Standing wasn't much a problem for me -- again, when you don't drive, there are some trivial skills you develop to compensate, and standing on crowded moving busses is one of them. That said, I don't recall ever having to stand quite so long on a bus that was moving quite so FAST. It took some fancy dancing at times, and by this point in my first day in my new sandals, my feet were killing me.

I finally managed to snag a seat next to Kathy one stop before we disembarked. What with the traffic, which had been the source of the delay in the first place, that still meant ten minutes to discuss (a) how we'd be back; (b) all the things we'd do WHEN we came back; and (c) that this WEGO bus was DEFINITELY one of them.

We got off at Table Rock, near the Horseshoe Falls, and I snagged a couple more pics:





...and then it was time to take yet another WEGO bus up Clifton Hill to the car. I was ever so thankful  we had the pass by this point. Clifton Hill is STEEP.

Then the most difficult part of the whole day: getting out of the parking lot. Gertie wanted us to go left. That was a flat impossibility: what with two lanes of bumper to bumper traffic, turning right was just as difficult. We were frozen in place for about fifteen minutes and yes, the frustration was starting to mount. But then we got out, and got maneuvered around and homeward bound, and relaxed.

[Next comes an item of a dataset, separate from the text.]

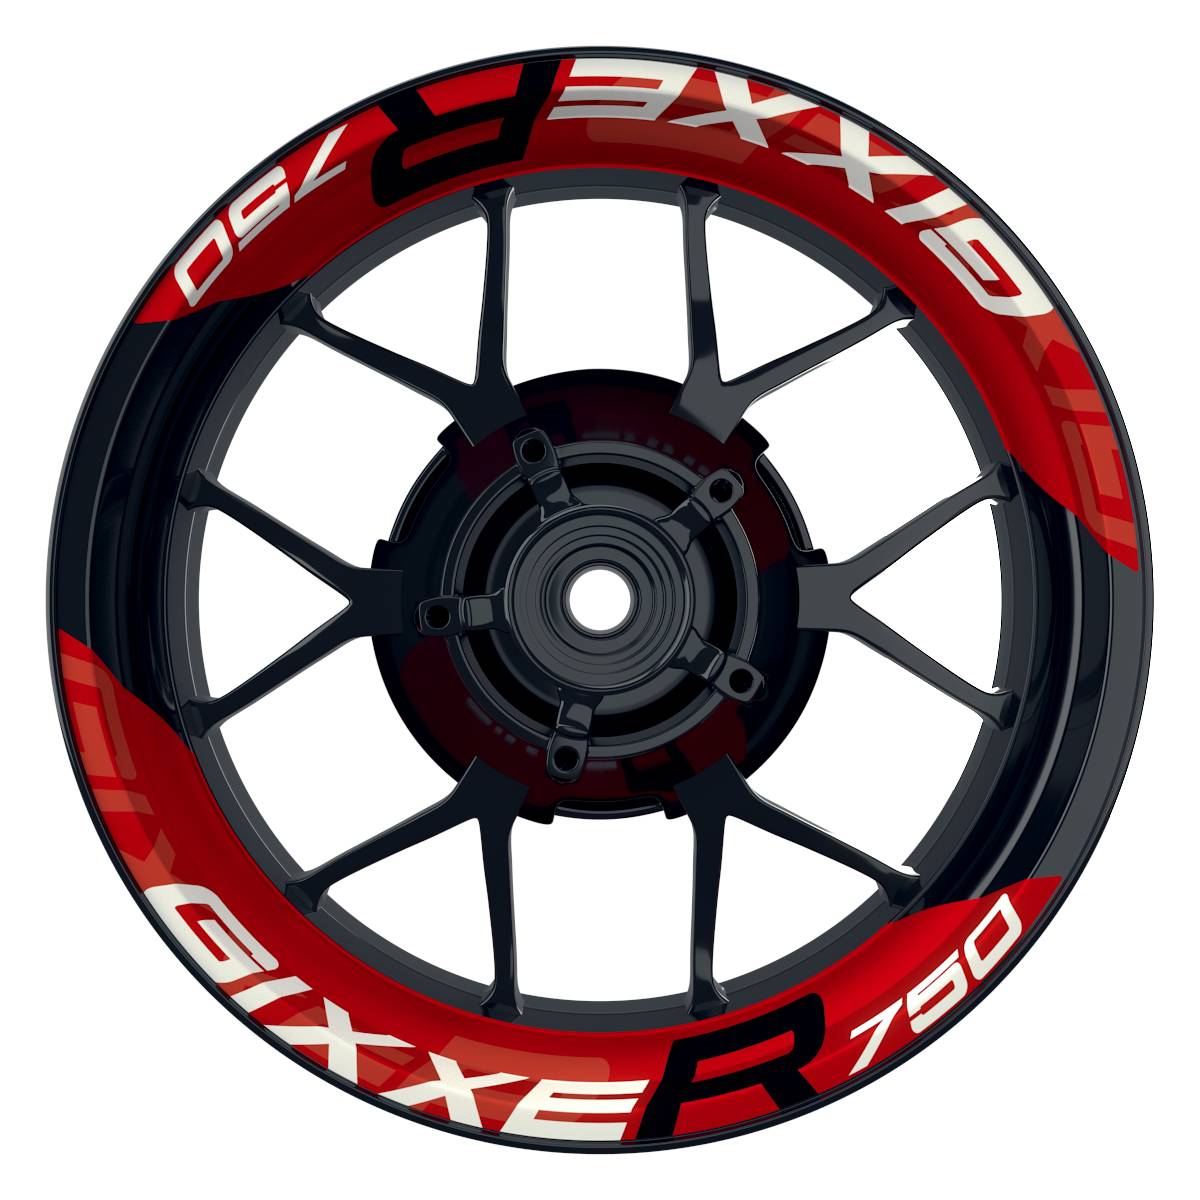 Wheelsticker Felgenaufkleber GIXXER750 einfarbig V2 rot Frontansicht

One more stop, at a Viet-Thai place in Fonthill called Pho Day Bo, or in English, "Pho Real". She'd never had any of this cuisine before; Nicole had introduced it to me years ago and it's filling, cheap and delicious. And so it was.

This place had durian milkshakes.

I had to.

I've been hearing about durian for about thirty years. How popular it is. How delicious it is. And mostly, how it smells like an old sweaty gym sock garnished with onion. Over and over I heard that if you could get past the smell, it tasted incredible. But I'd never even seen one for sale anywhere. So I had to.

Honestly? Take out that onion aftertaste, which got stronger as I went along, and it really was delicious. (Kathy vehemently disagrees). I found it unlike anything I'd ever tasted, even without that more-than-a-hint of onion. Sweet pineapple/avocado/coconut/just a touch of berry. But then onion. Nobody expects an onion milkshake.
Still, I'm glad I tried this. I don't think too many people on this side of the planet can say they have.

We got back to Kathy's  without any fuss at 9:00 on the dot last night. She took me home this morning just in time for work.

Hon, I had an incredible time. Thank you for...absolutely everything. And congratulations on conquering your fear. I love you.